All she wanted was to meet someone who was sexually attracted to her and maybe have a baby. Instead, she couldn't have a baby and every man who saw her naked was horrified by her vagina. She decided to take this out on them by making the men who rejected her the victims in her copycat killings. Then it was revealed that Camille's current identity was Virginie, Damien and Lucie's friend, so apparently this completely botched surgery only botched her vagina, because not a single person who'd known her had suspected she was trans.

As much as I liked the series' final moments, even that was spoiled by this Camille/Virginie stuff. Jeanne brutally and horrifically murdered several people, but in the end she still got to redeem herself in her son's eyes.

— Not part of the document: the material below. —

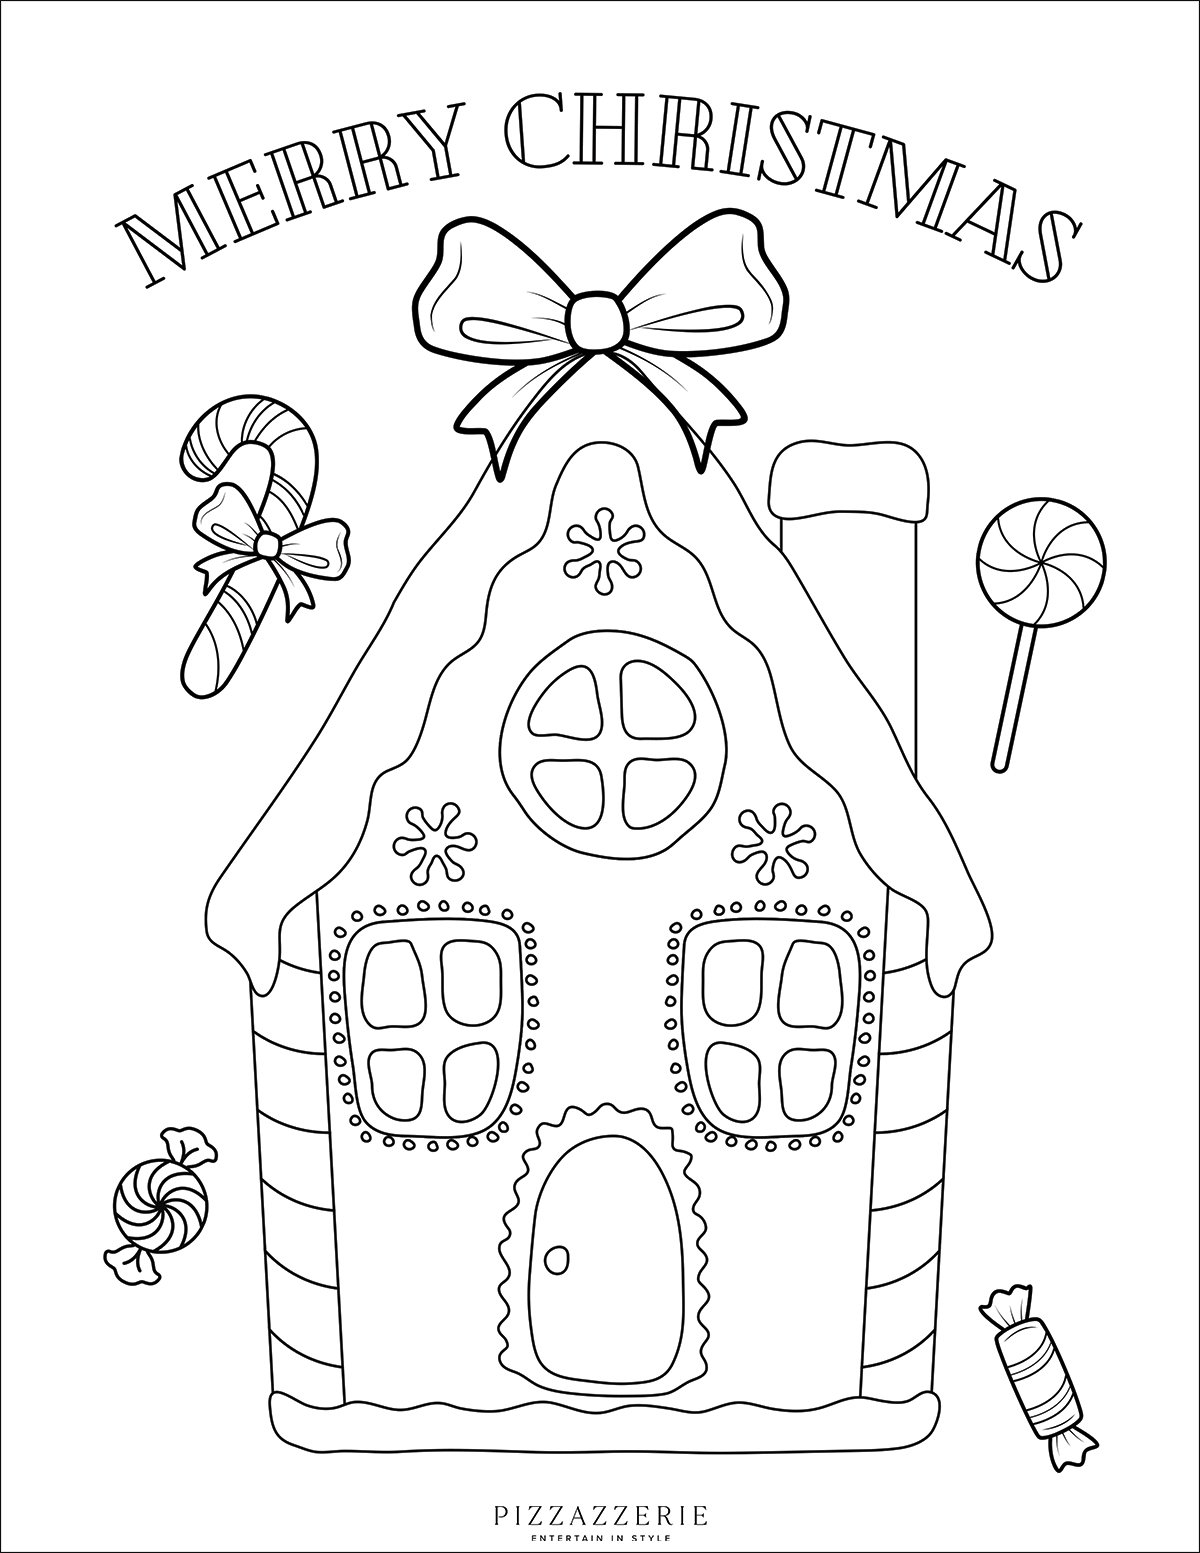 Gingerbread House Coloring Pages (Free Printable PDFs) - Pizzazzerie
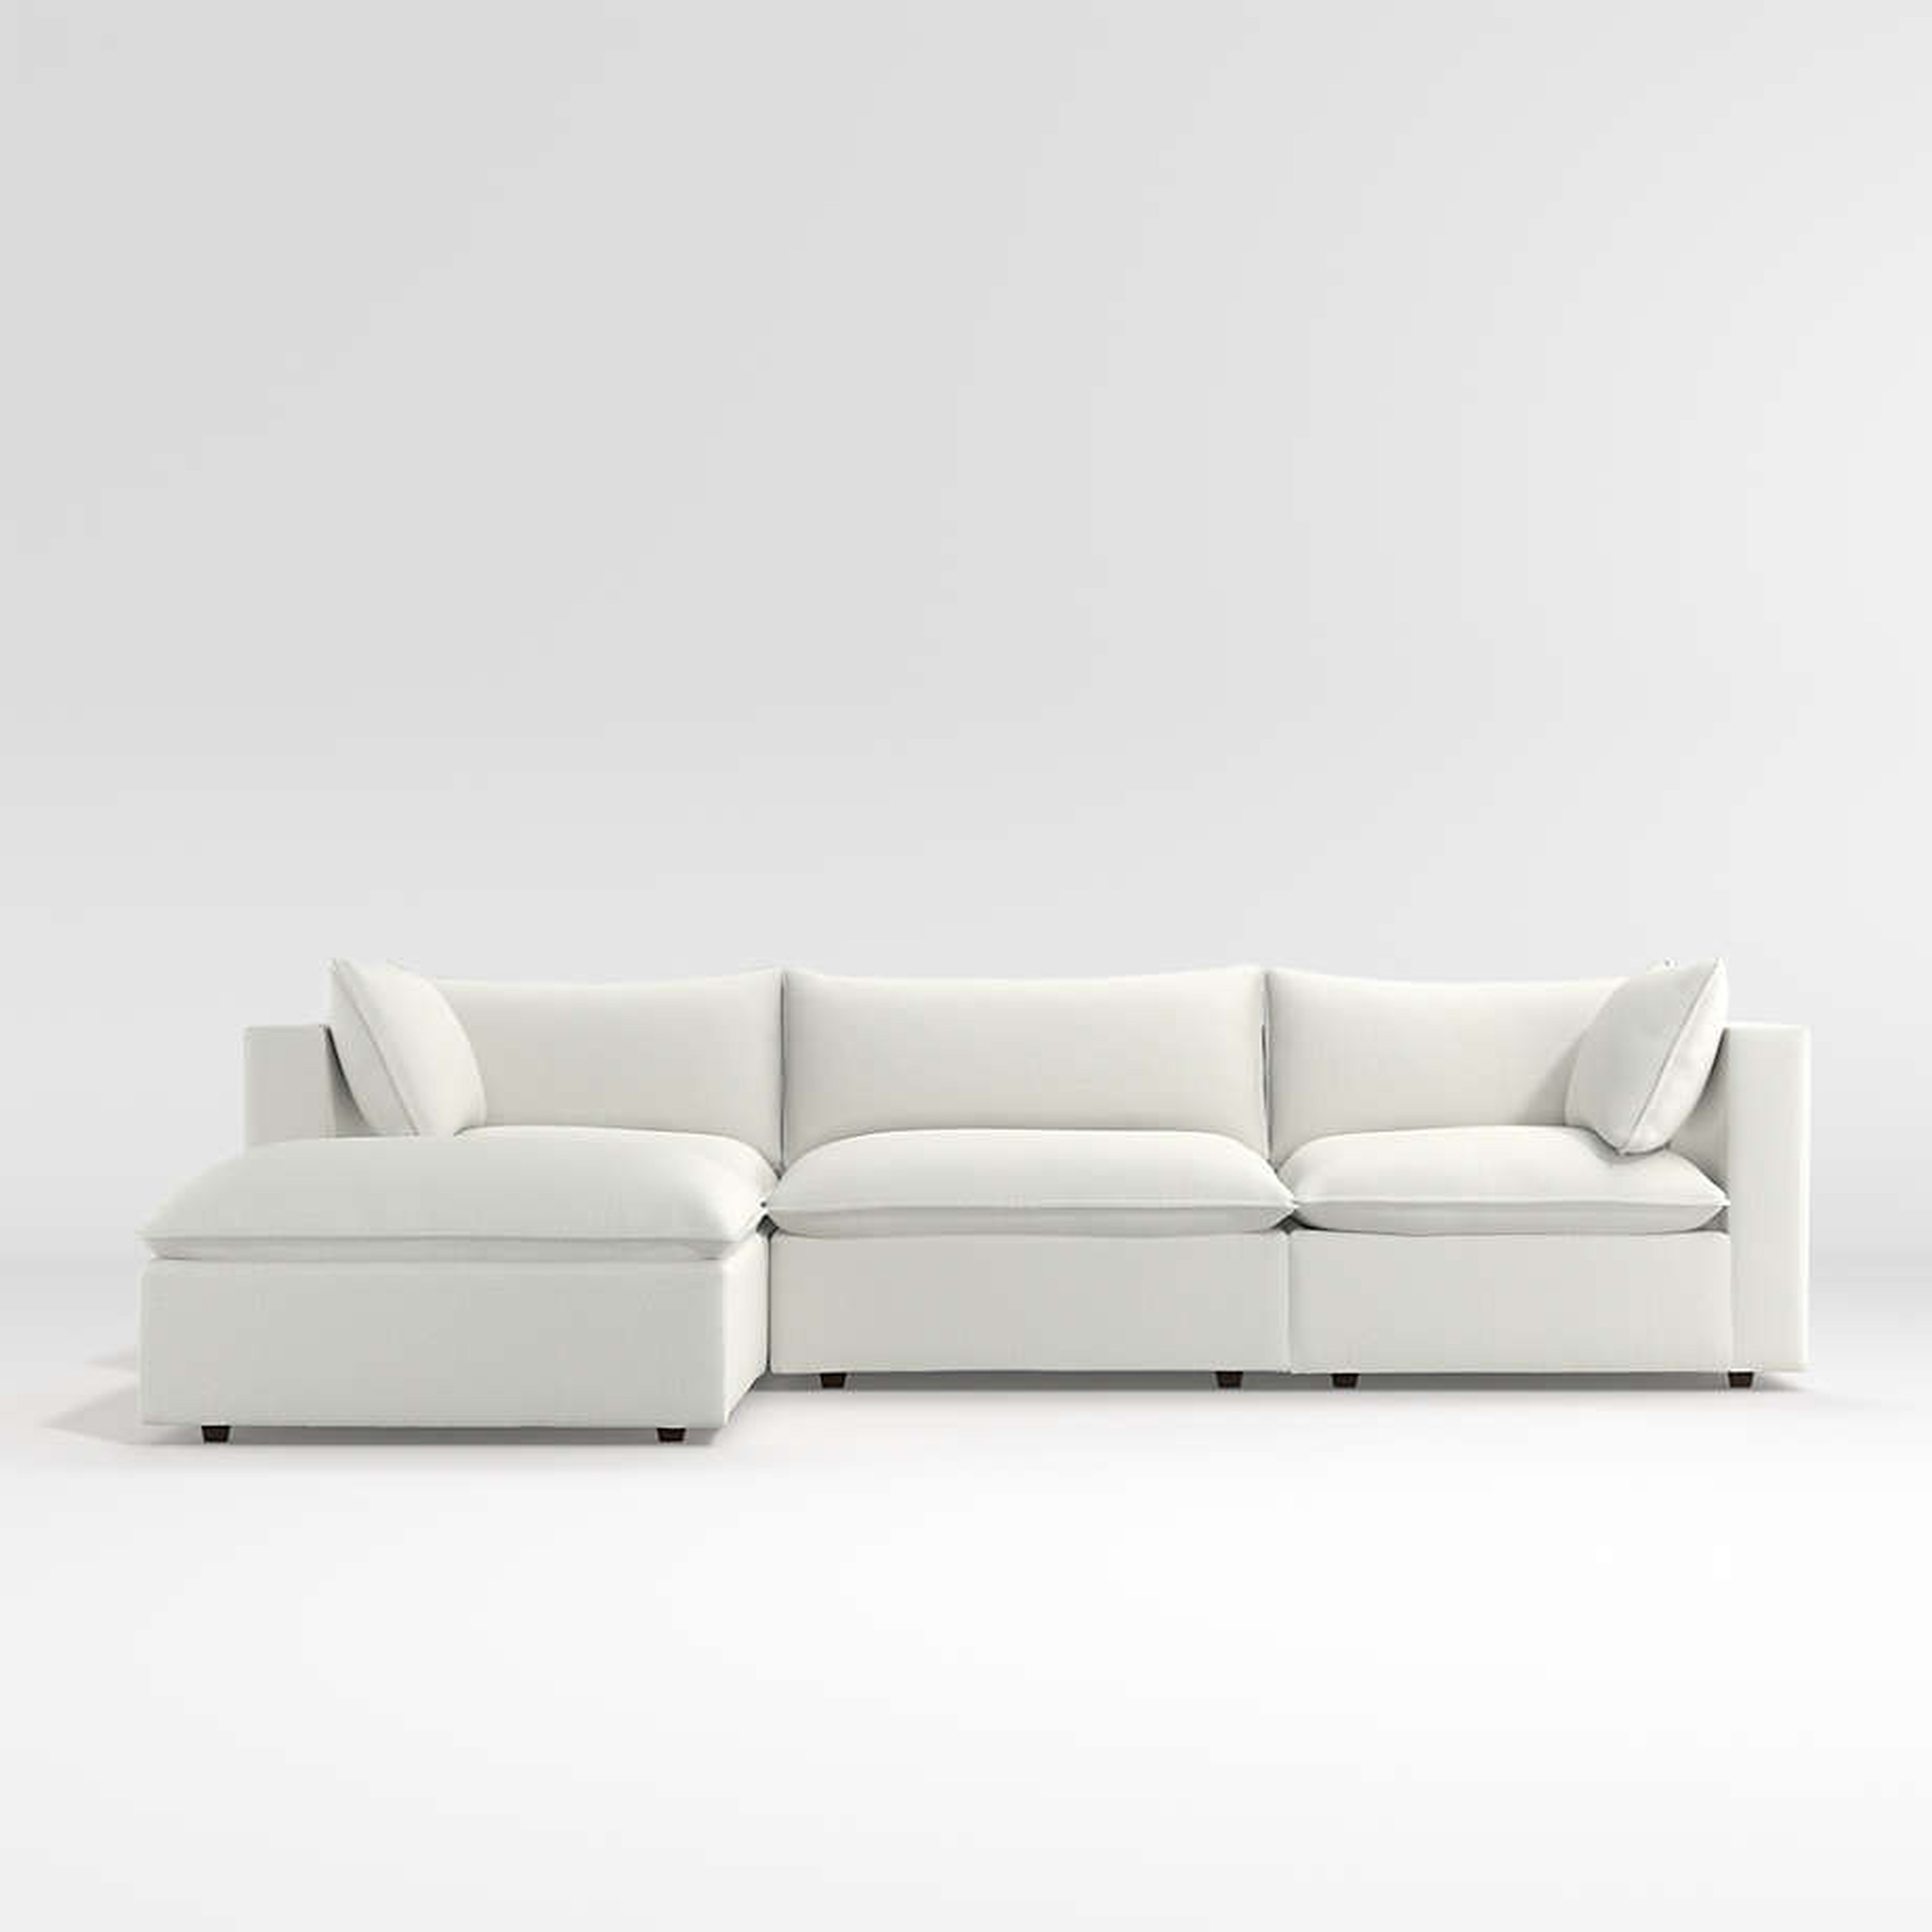 Lotus 4-Piece Reversible Sectional with Ottoman - Crate and Barrel

Virginie, on the other hand, remained a monster until the very end - no forgiveness, on-screen or otherwise, from either Damien or Lucie. Even her killings were presented as being more monstrous than Jeanne's, because her victims hadn't done anything wrong other than reject her sexually.

Despite the strain the premise put on my suspension of disbelief, I enjoyed the bulk of this show and absolutely loved Carole Bouquet's performance. However, revealing the copycat killer to be a monstrous transwoman who descended into murderous rage due to a botched MTF surgery struck me as being both gross and unnecessary.